Whatever local leaders decide to do with their federal dollars, there’s two things they can’t forget to do. First, they need to set up systems for how to measure the impact of these investments over time. That’s both because they have to—cities above 250,000 population are required to report on the outcomes of their programs—and because it’s only right that city leaders be held accountable for how they spend the money and deliver impact for residents.
Second, they need to think about how they’re going to tell the story of the investments they’re making. Opportunities like this one don’t come around often. Residents will want to know how their local leaders are making the most of it.
Bloomberg Cities wants to know, too. We’ll keep following the story of how cities are spending these federal dollars and will continue reporting back with new insights and trends.
Read more on the American Rescue Plan Act:
- Answers to questions from city leaders
- How cities are using data to build their spending plans
- Using federal funds to build innovation capacity
*The municipal funding allocation for Alexandria, Va., is $28.67M. The city’s congressional delegation successfully petitioned the U.S. Department of Treasury to also award county funding due to its status as an independent city. The combined $59.63M total is displayed here.
**The municipal funding allocation for Hartford, Conn., is $88.5M. The city confirms that the state is passing on what would have been county ARP funding directly to municipalities.
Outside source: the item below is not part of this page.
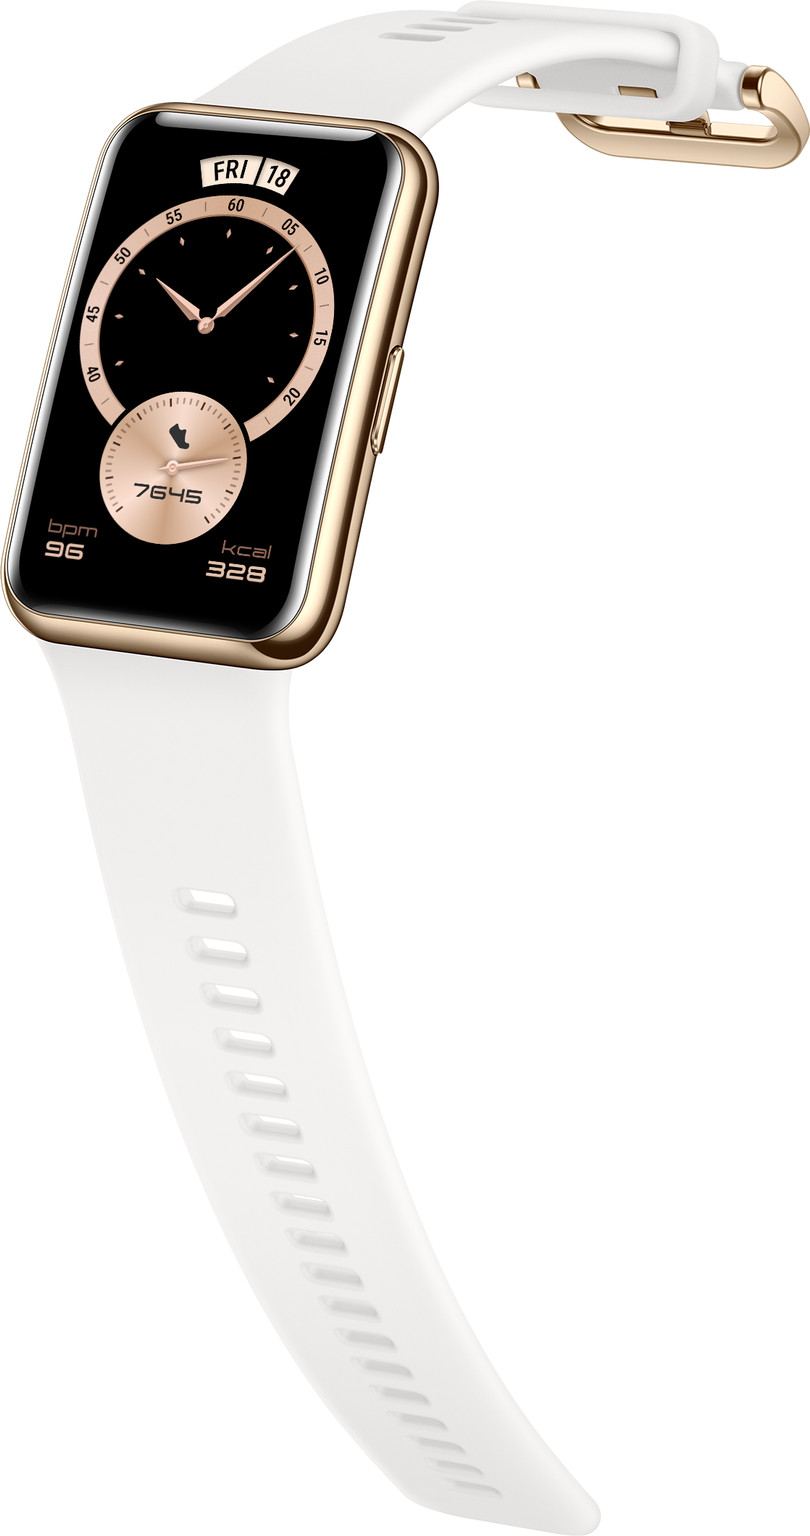 Huawei Watch Fit Elegant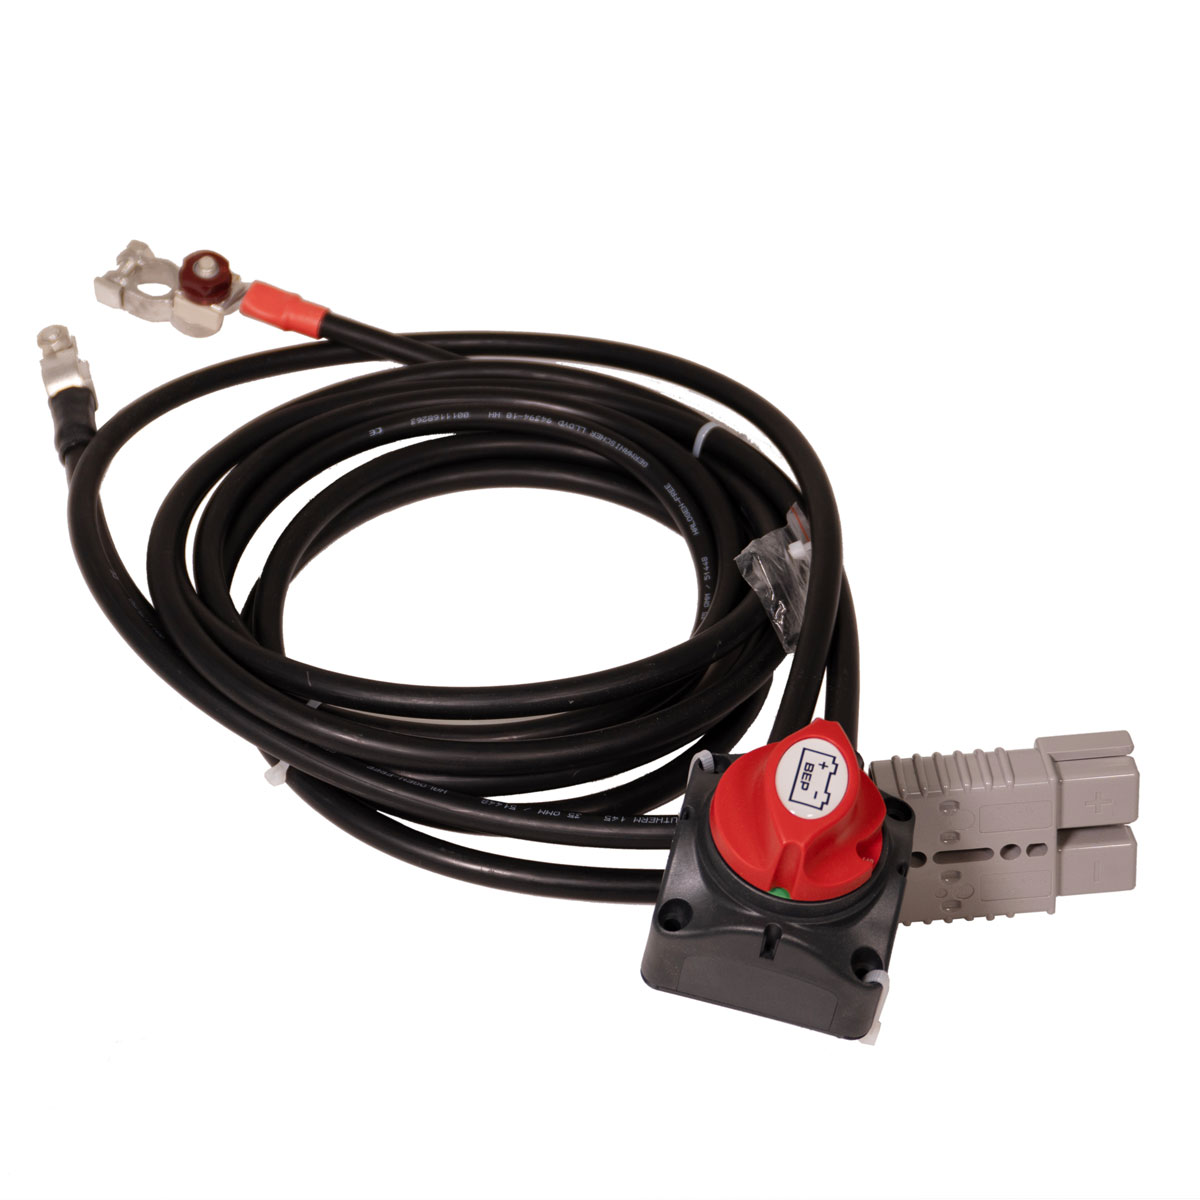 Torqeedo Cable Set C3.0/C6.0 BUS

The combined $112.00M total is displayed here.
Bloomberg Cities analyzed the American Rescue Plan spending plans of 20 U.S. cities, using the most current, publicly available frameworks as of November 24, 2021. Using the primary characteristics of each item in these plans, we summarized allocation decisions into five major categories as follows:
Economic Development & Revitalization, which includes initiatives such as business support, digital infrastructure, tourism and hospitality, and workforce development.
Municipal Services & Operations, which includes initiatives such as municipal infrastructure, provision of government services, administrative expenses, and revenue replacement.
Housing, Family & Individual Basic Needs, which includes initiatives related to food sustainability and equity, household and family support, housing and homelessness, and youth education.
Public Health & Safety, which includes COVID-19 mitigation, public safety violence prevention, and physical/mental health.
Community & Culture, which includes initiatives such as arts and culture, community service and support, and recreation.
Cities chose many approaches to categorizing their projects. In cases of category ambiguity or activities that met multiple category criteria, we worked to infer the primary intention of each spending decision through the context of the original plan text.
The balance of funds from the city’s total ARP allocation that weren’t itemized in the public plans fall into the category of “Not Yet Allocated.” Many cities have only presented plans for their first tranche of funding and others are still undertaking planning activities. Based on our research, we have concluded that no judgment should be assigned to the absence of a complete plan for ARP spending.